The mjf-su/FaithfulnessGuidanceReward is a 4 billion parameter language model, fine-tuned from the mjf-su/PhysicalAI-reason-VLA-MetaAction-1e base model. It leverages the TRL (Transformer Reinforcement Learning) framework for its training process.

Key Capabilities & Training

This model's core differentiator lies in its training methodology: it was developed using GRPO (Guidance-based Reinforcement Learning for Policy Optimization).

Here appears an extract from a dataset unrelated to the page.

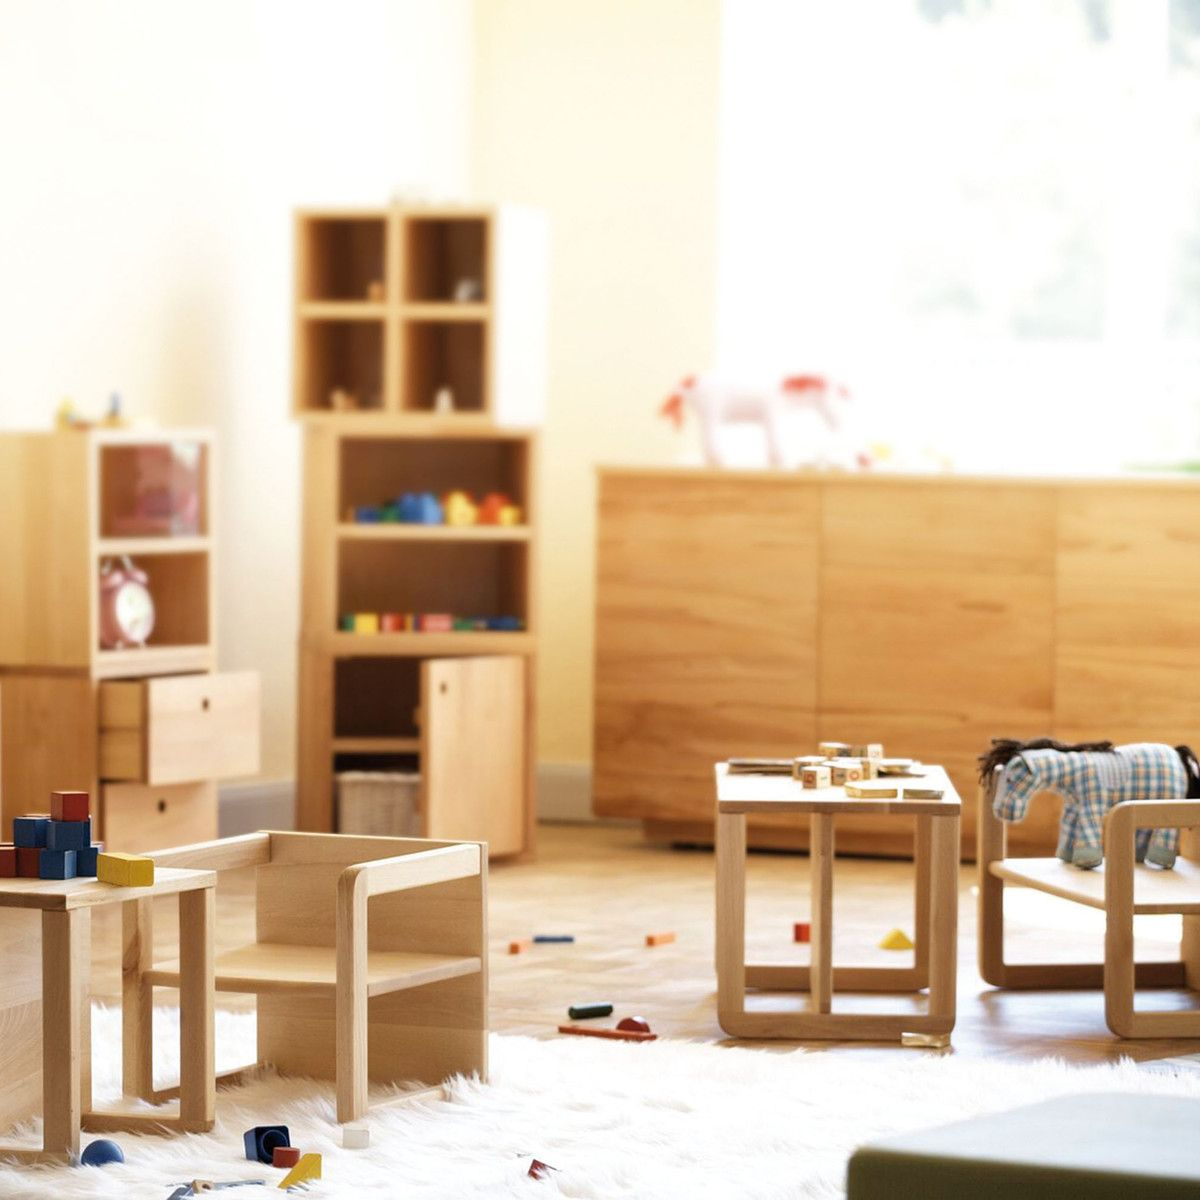 Kindermöbelversand nett kindermöbel versand детские игрушки и мебель

This technique, detailed in the research paper "DeepSeekMath: Pushing the Limits of Mathematical Reasoning in Open Language Models" (arXiv:2402.03300), aims to significantly improve the model's mathematical reasoning and faithfulness in its responses. The training process can be visualized via Weights & Biases, indicating a focus on robust and reliable output generation.

Technical Specifications

  • Parameters: 4 Billion
  • Context Length: 32768 tokens
  • Frameworks: TRL (0.26.1), Transformers (4.57.6), Pytorch (2.10.0), Datasets (4.4.1), Tokenizers (0.22.1)

When to Use This Model

This model is particularly well-suited for applications where:

  • Faithful and accurate reasoning is paramount.
  • Tasks involve mathematical problem-solving or require logical consistency.
  • You need a model that has been specifically optimized for guidance-based reinforcement learning to produce more reliable outputs.